Indeed. But I need to be. Haha. I've got to make money for the plane ticket, to kennel my dog for two weeks, wedding gifts, AND for Pax Prime tickets. I have my work cut out for me.



izzi000 said:


> No inconvenience at all C: thank you for accepting, I have sent the payment!



Okay, thanks so much! I have received your payment!


----------



## snapdragon (Mar 3, 2015)

Super excited to see everyone's commissions!


----------



## Amissapanda (Mar 3, 2015)

snapdragon said:


> Super excited to see everyone's commissions!



I've started work on them! : ) Just a notice that I could be going back to work as early as tomorrow, so I'm not sure just how long it will be until they're done, but I'll do my best to have them done within the week! Thanks so much, guys! You're all paid and squared away.


----------



## snapdragon (Mar 3, 2015)

Amissapanda said:


> I've started work on them! : ) Just a notice that I could be going back to work as early as tomorrow, so I'm not sure just how long it will be until they're done, but I'll do my best to have them done within the week! Thanks so much, guys! You're all paid and squared away.



No rush, my dear  we'll all be here!


----------



## MardyBum (Mar 3, 2015)

snapdragon said:


> No rush, my dear  we'll all be here!



I agree with Snapdragon, no rush c:


----------



## Amissapanda (Mar 3, 2015)

snapdragon said:


> No rush, my dear  we'll all be here!





izzi000 said:


> I agree with Snapdragon, no rush c:



Thanks a lot, both of you! It's not that I'm in a rush, but rather that I try not to let commissioners wait too long or slack. : ) I like to get things done in a timely manner with my free time. I'll make sure to manage it around my job, though.


----------



## Amissapanda (Mar 4, 2015)

Update: Got the lines done for all your pieces! I'll hopefully be able to clean them up and begin coloring tomorrow or Friday. : ) 

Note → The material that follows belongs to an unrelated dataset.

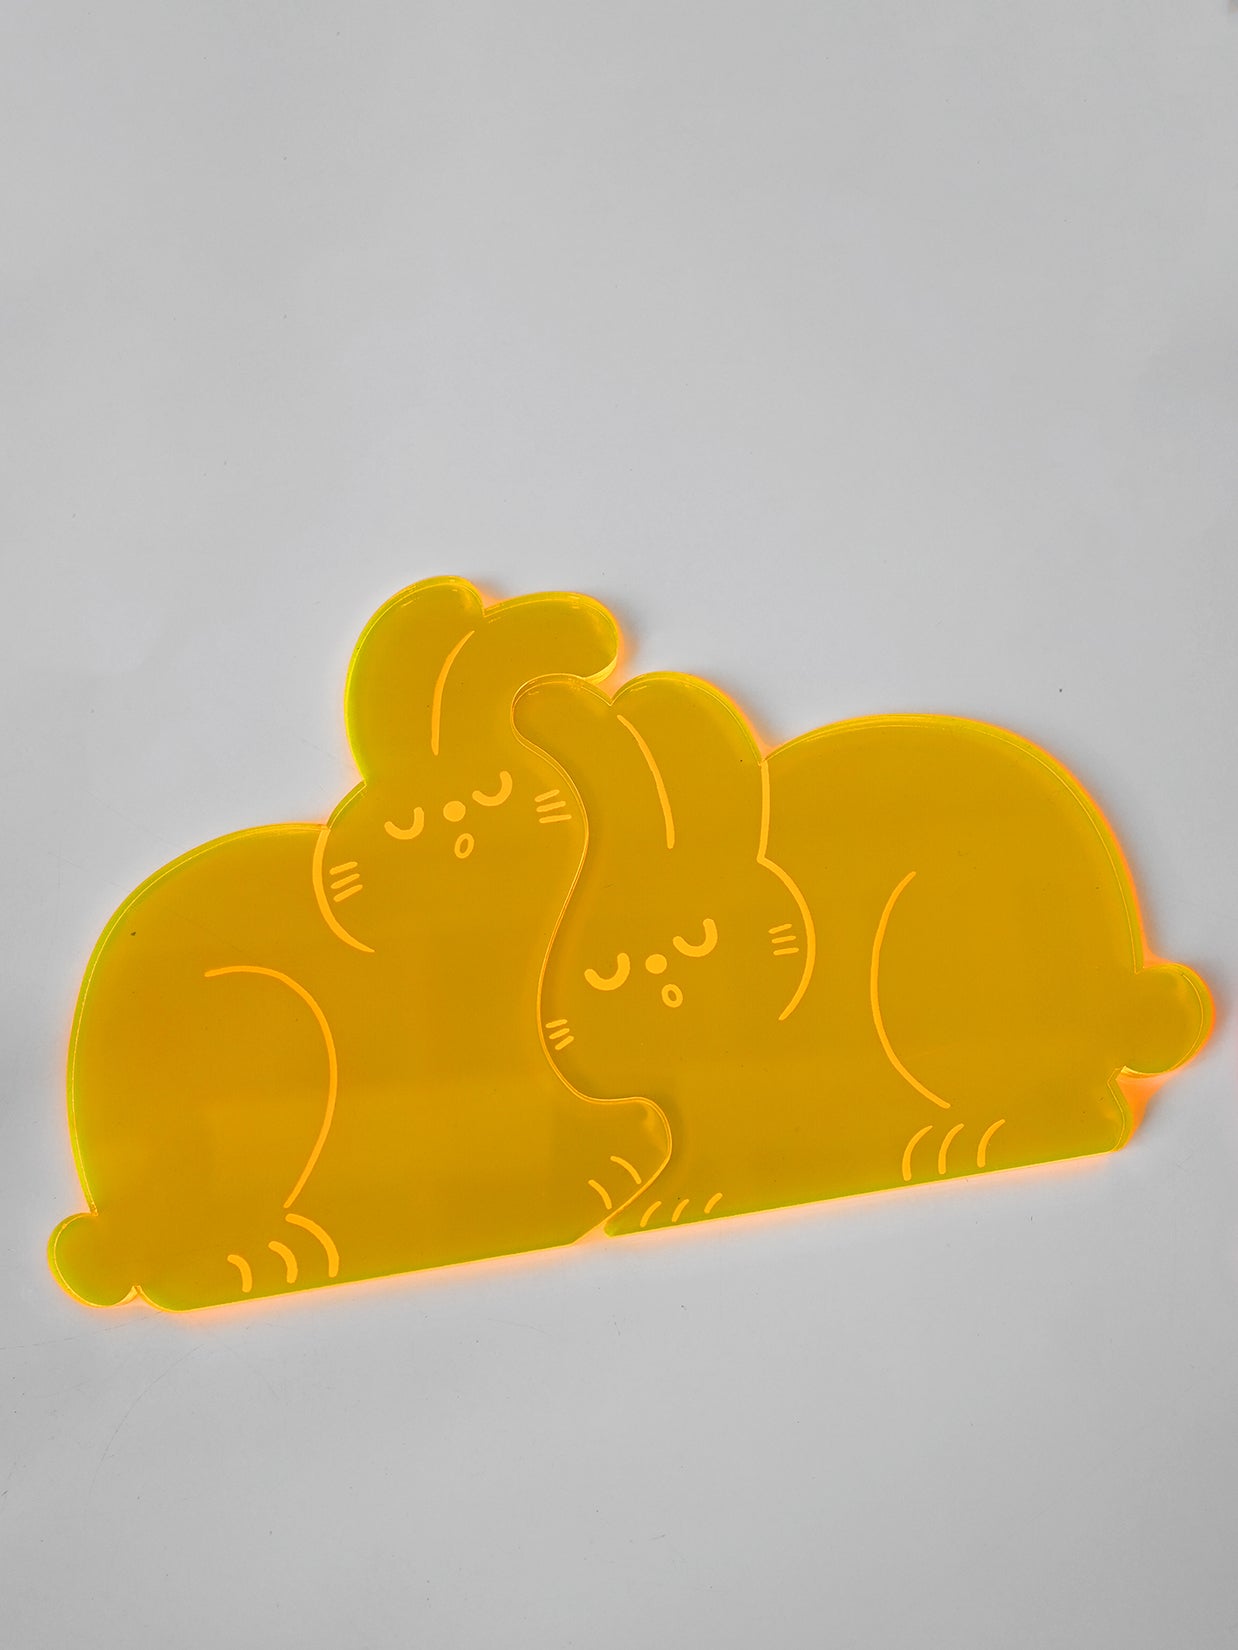 Vermeil Boobarista Anime Acrylic Coaster

Would you guys prefer for me to post them here when they're finished (with or without watermark---your choice) or would you like me to PM them privately to you? I would default to doing both, but if you have any preferences (or if you want them watermarked if posted on this thread), please do let me know. Thank you!


----------



## MardyBum (Mar 5, 2015)

Amissapanda said:


> Update: Got the lines done for all your pieces! I'll hopefully be able to clean them up and begin coloring tomorrow or Friday. : )
> 
> Would you guys prefer for me to post them here when they're finished (with or without watermark---your choice) or would you like me to PM them privately to you? I would default to doing both, but if you have any preferences (or if you want them watermarked if posted on this thread), please do let me know. Thank you!

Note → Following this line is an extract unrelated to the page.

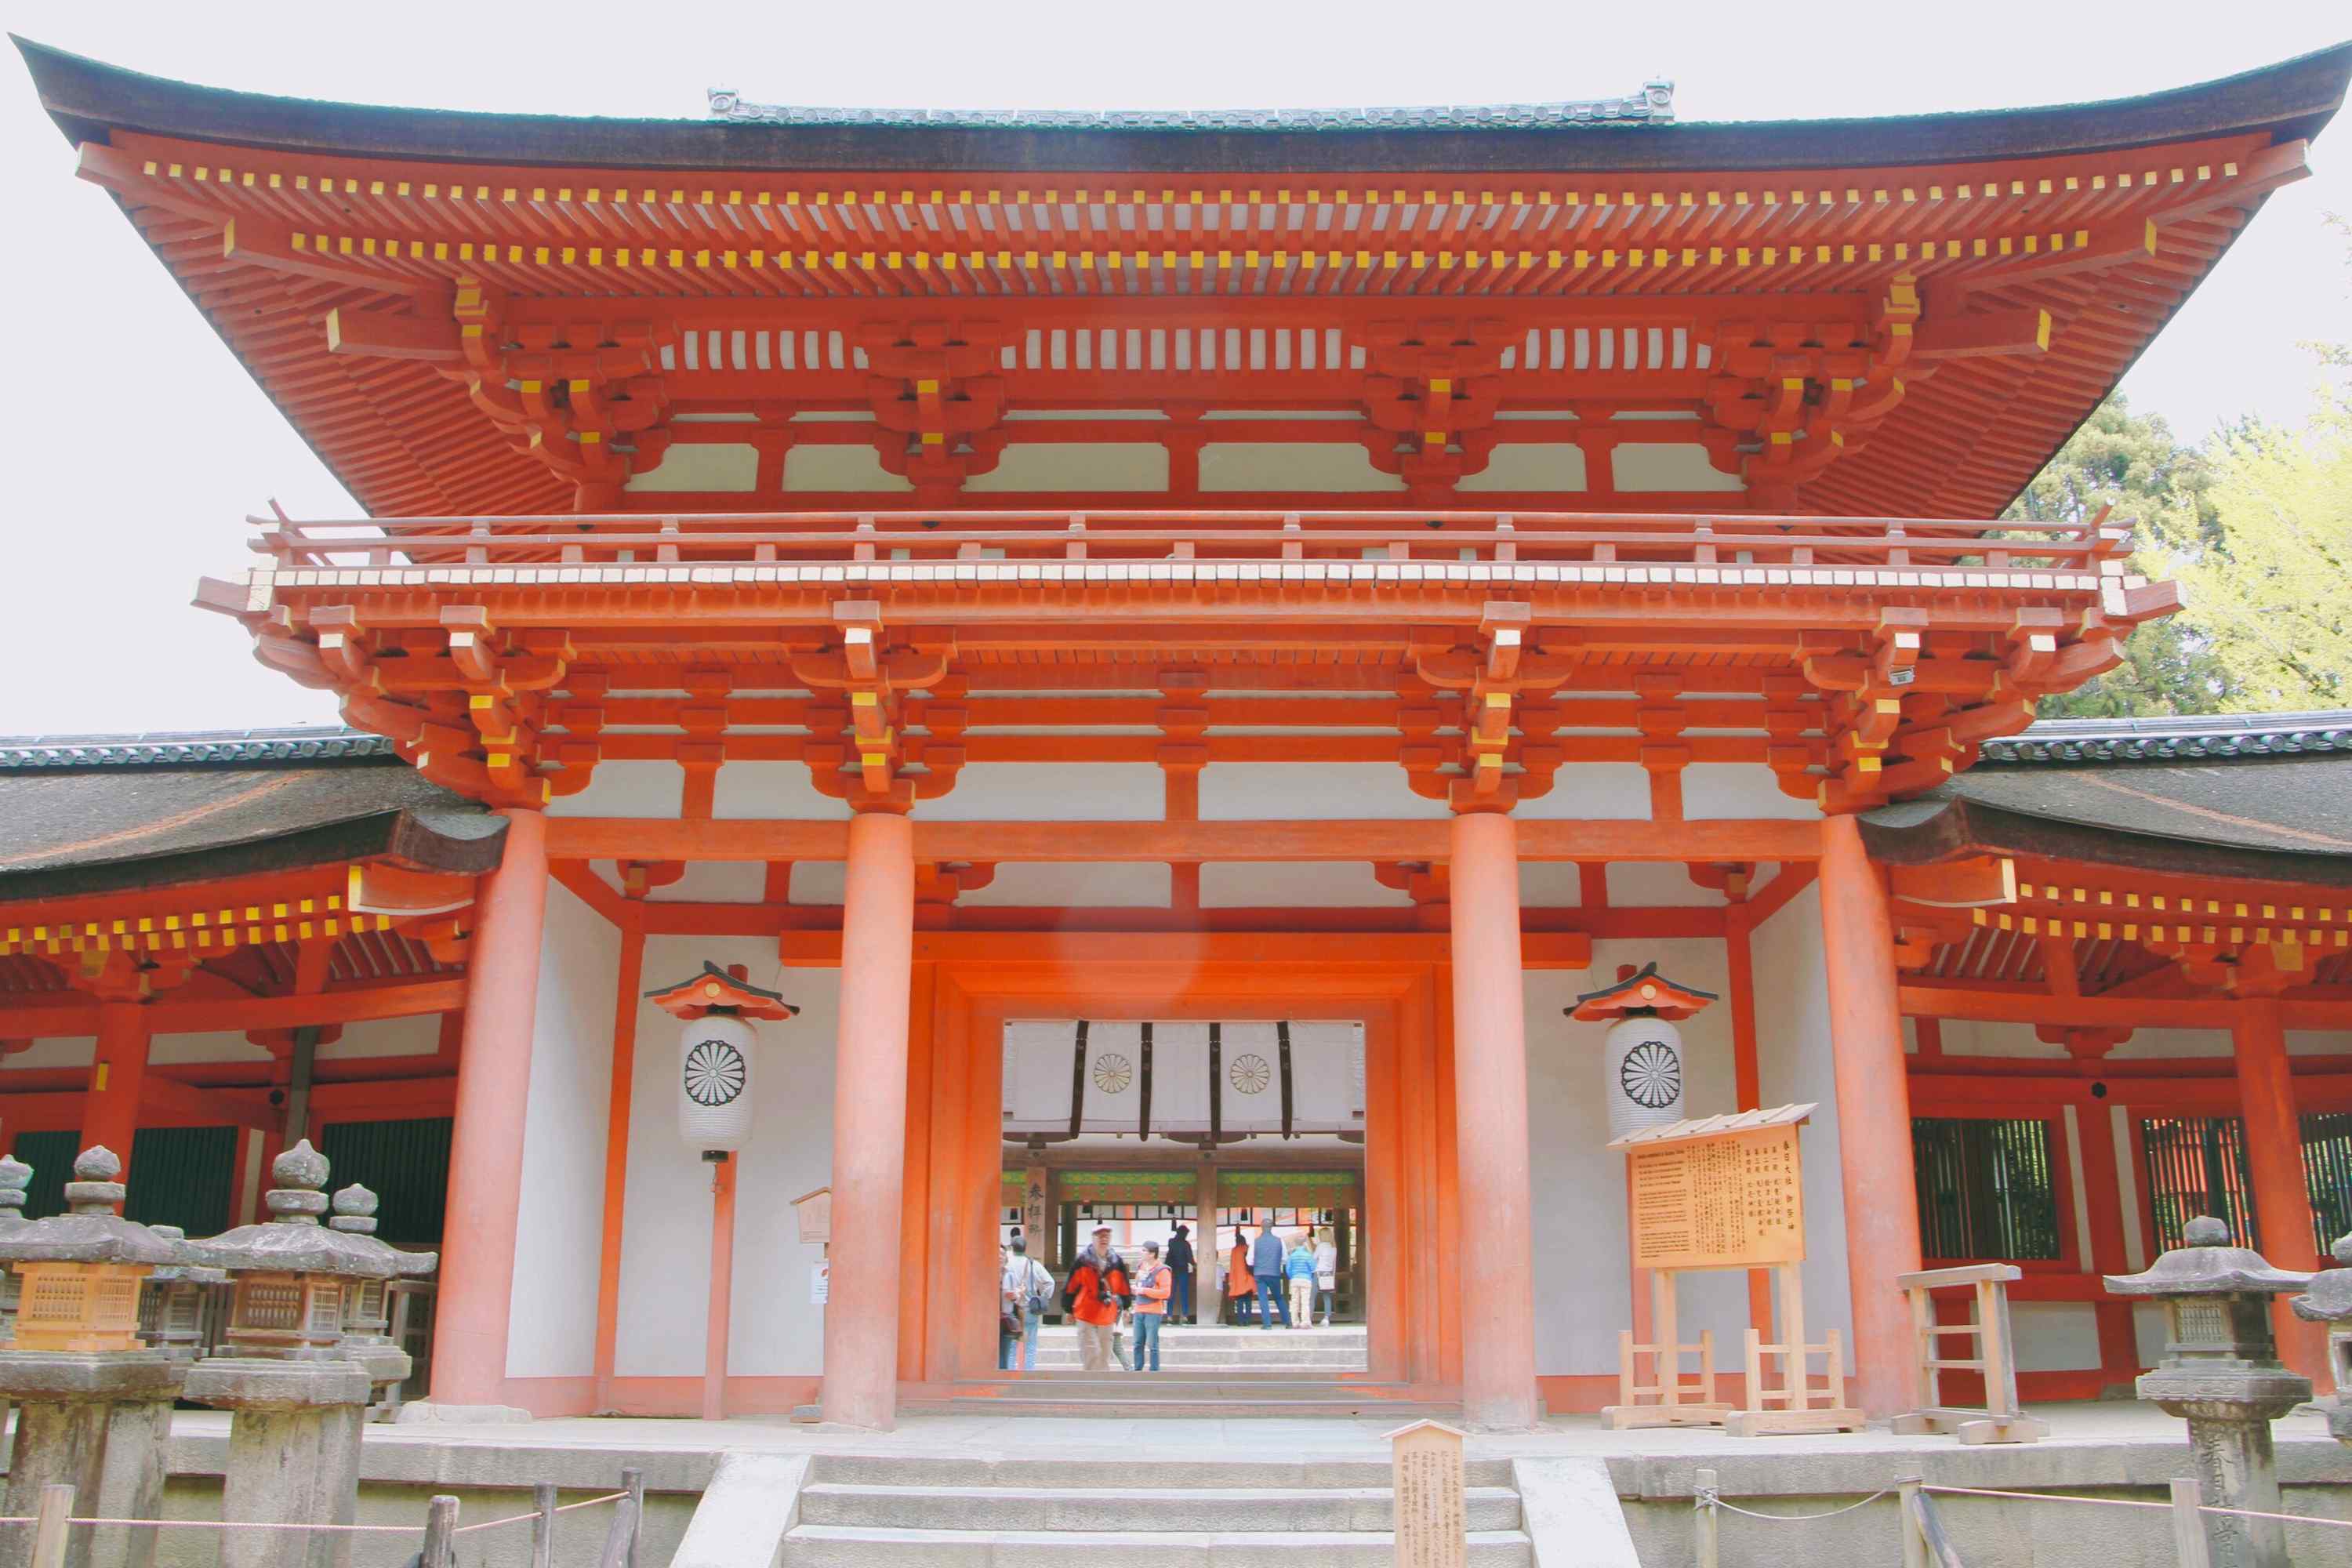 奈良传统寺庙春日大社唯美桌面壁纸

Thanks for the updates Amissa ^^ 
If it's ok with you, I'd prefer mine PM'ed, I dislike watermarks cause they tend to ruin it if they're too big lol but if you prefer to watermark, that is ok with me c:


----------



## Finnian (Mar 5, 2015)

these are so beautiful I could die.


----------



## snapdragon (Mar 5, 2015)

Amissapanda said:


> Update: Got the lines done for all your pieces! I'll hopefully be able to clean them up and begin coloring tomorrow or Friday. : )
> 
> Would you guys prefer for me to post them here when they're finished (with or without watermark---your choice) or would you like me to PM them privately to you? I would default to doing both, but if you have any preferences (or if you want them watermarked if posted on this thread), please do let me know. Thank you!



Hmm, if we are worried about theft, then I think it best to PM the un water marked versions. But I really want people to see your work! So perhaps post watermarked versions on the thread?


----------



## MardyBum (Mar 5, 2015)

snapdragon said:


> Hmm, if we are worried about theft, then I think it best to PM the un water marked versions. But I really want people to see your work! So perhaps post watermarked versions on the thread?



Hadn't thought about this -.- but I agree once again with Snapdragon c:


----------



## Amissapanda (Mar 5, 2015)

izzi000 said:


> Thanks for the updates Amissa ^^
> If it's ok with you, I'd prefer mine PM'ed, I dislike watermarks cause they tend to ruin it if they're too big lol but if you prefer to watermark, that is ok with me c:



Oh, don't worry! I'd make sure the commissioners get a non-watermarked version regardless. Haha. It would be pretty crappy for an artist to watermark a commission before giving it to the commissioner. XD It's more or less asking if it's alright to post them on the thread here with a watermark.



Finnian said:


> these are so beautiful I could die.



DON'T DIE! (But thank you! I'm really honored that you think so. As I've said before, your art is great!)



snapdragon said:


> Hmm, if we are worried about theft, then I think it best to PM the un water marked versions. But I really want people to see your work! So perhaps post watermarked versions on the thread?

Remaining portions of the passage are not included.